La différenciation est déjà appliquée en Corse, où une collectivité territoriale exerce des compétences locales spécifiques. Elle bénéficie aussi à l'Alsace dont les deux départements vont fusionner avec des compétences accrues justifiées par ses spécificités. Elle est plus encore à l'oeuvre dans les outre-mer, où elle sert l'égalité des chances entre les territoires par la reconnaissance d'une autonomie accrue. Reconnaître le droit à la différenciation, dans le respect de l'unité nationale et du principe d'égalité, permettra une meilleure adéquation de l'action publique aux réalités locales.

L'article 49 tend à ce que les propositions de modification des dispositions législatives ou réglementaires en vigueur réalisées par les collectivités territoriales, ainsi que toutes les propositions concernant le développement économique, social et culturel des régions et des collectivités territoriales d'outre-mer soient transmises aux deux assemblées et non simplement au Gouvernement.

L'article 50 tirerait les conséquences dans l'ensemble de la législation ordinaire de la réunion des articles 73 et 74 de la Constitution proposée par la proposition de loi constitutionnelle.

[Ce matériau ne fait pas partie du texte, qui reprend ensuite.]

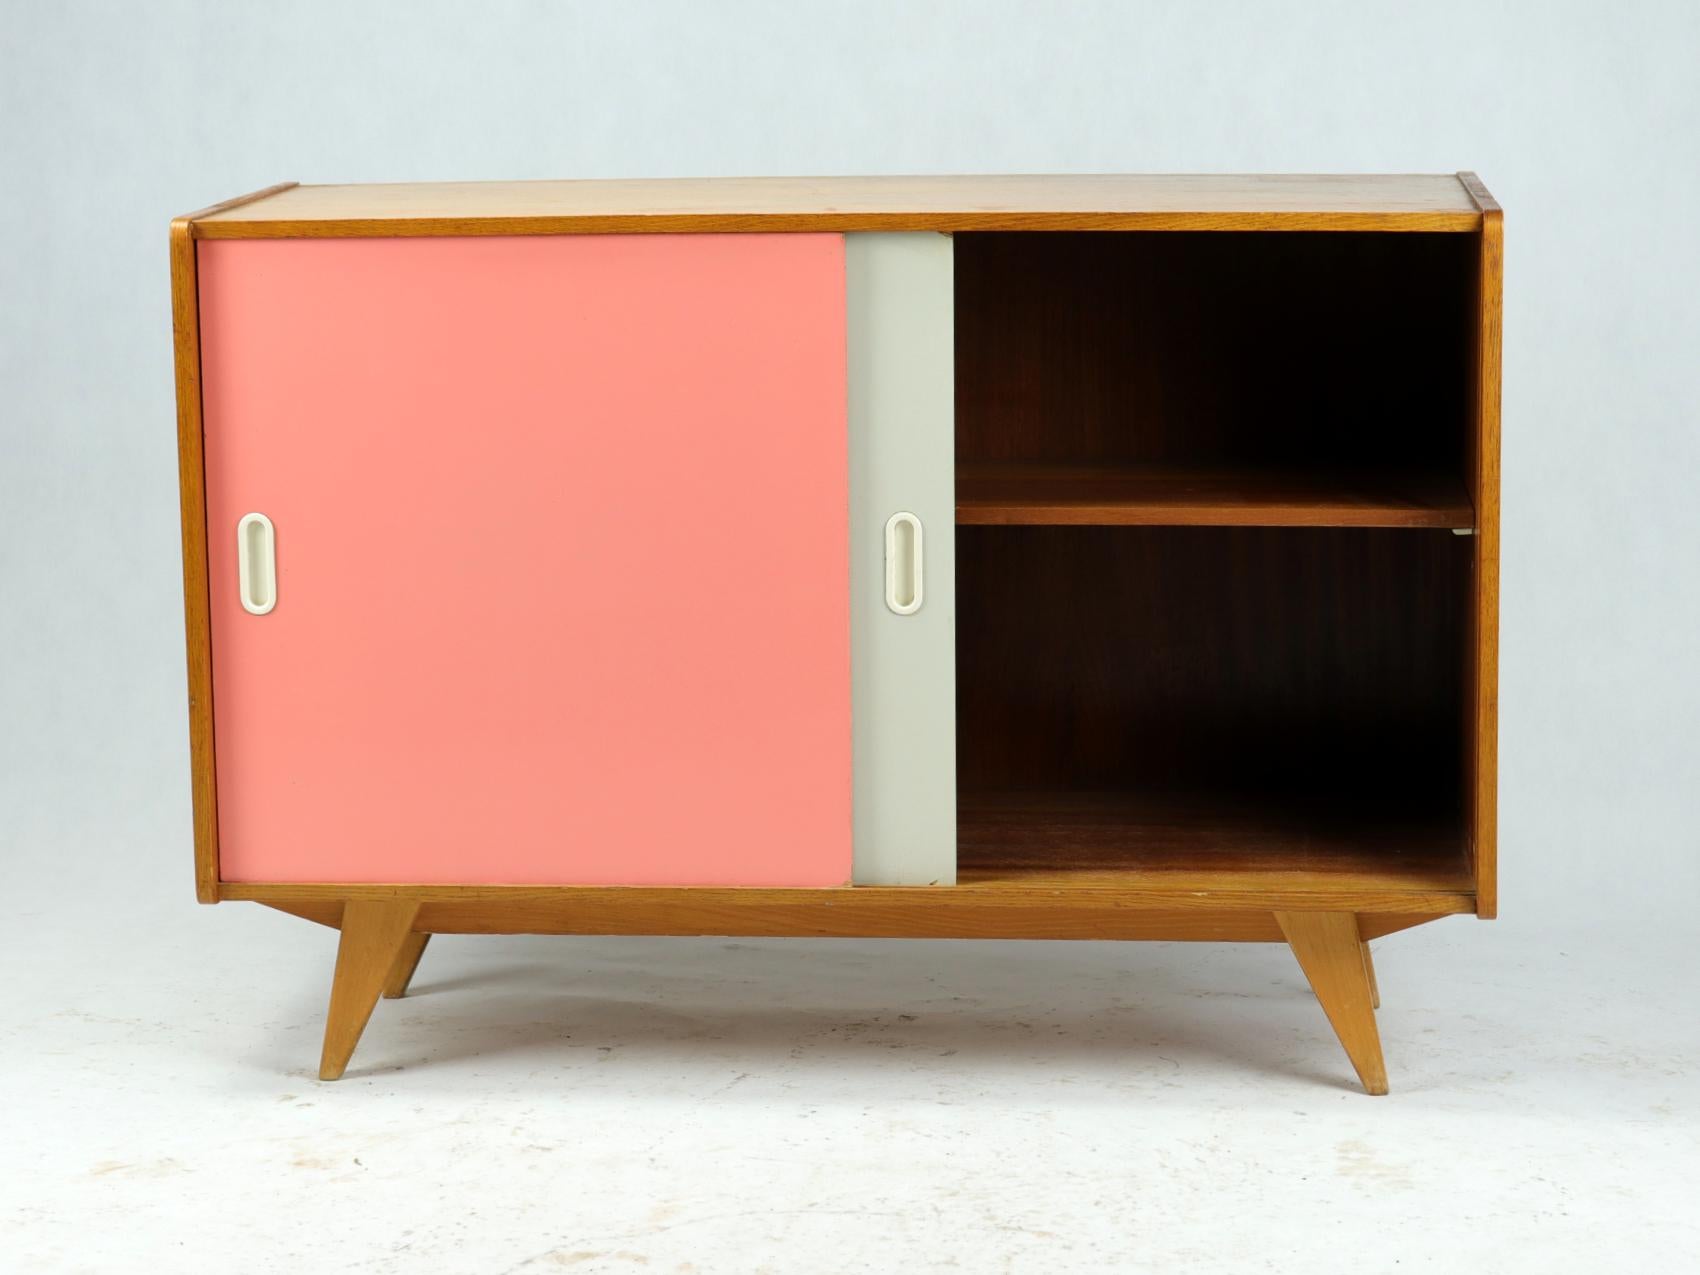 Elegant sideboard typical for the midcentury era in Czechoslovakia. Designed by Jiri Jiroutek in 1960s, this U450 type sideboar has sliding doors. These are iconic for the designer who was the first one to combine classical wooden box with fresh and

Afin de mieux prendre en compte les réalités guyanaises, l'article 51 propose plusieurs adaptations des modalités de l'action publique sur ce territoire en matière de lutte contre l'orpaillage illégal et d'immigration irrégulière.

L'article 52 permettrait quant à lui, d'une part, l'exploitation des ressources dans les zones de droits d'usages collectifs (ZDUC) afin de favoriser le développement économique des communautés qui y vivent et, d'autre part, la création, au sein d'une commune de grande superficie, de communes déléguées sur le modèle de celles existant au sein des communes nouvelles.

Enfin, le titre IV, composé de deux articles, a pour objet de renforcer le contrôle du respect par le Gouvernement des libertés locales. Le Parlement doit être le garant du respect des libertés locales, qui sont au coeur du pacte démocratique, pour les protéger face à la tentation permanente de la recentralisation. Des outils nouveaux de suivi et d'évaluation doivent être mis en oeuvre aux fins de s'assurer de la concrétisation des principes de subsidiarité et de libre administration des collectivités.

L'article 53 tend à permettre la saisine du Conseil national d'évaluation des normes (CNEN) par le Parlement pour apprécier la pertinence des projets de textes au regard du principe constitutionnel de libre administration des collectivités territoriales.

L'article 54 renforcerait le rôle du Conseil national d'évaluation des normes, en obligeant le Gouvernement, lorsqu'il émet un avis défavorable sur un projet de loi, à lui transmettre un projet modifié ou à justifier le maintien du projet initial en adressant des informations complémentaires en vue d'une seconde délibération, comme c'est le cas actuellement pour les projets de textes règlementaires.

Ces articles seraient par ailleurs complétés par des dispositions relevant des règlements des assemblées, afin de mettre en oeuvre les propositions n°s 45 à 48 du rapport 50 propositions pour le plein exercice des libertés locales.


* 1 Rapport disponible à l'adresse suivante : https://www.senat.fr/fileadmin/Fichiers/Images/redaction_multimedia/2020/2020-Documents_pdf/Rapport_GT_Decentralisation_.pdf

* 2 Article R. 132-1 du code de l'action sociale et des familles.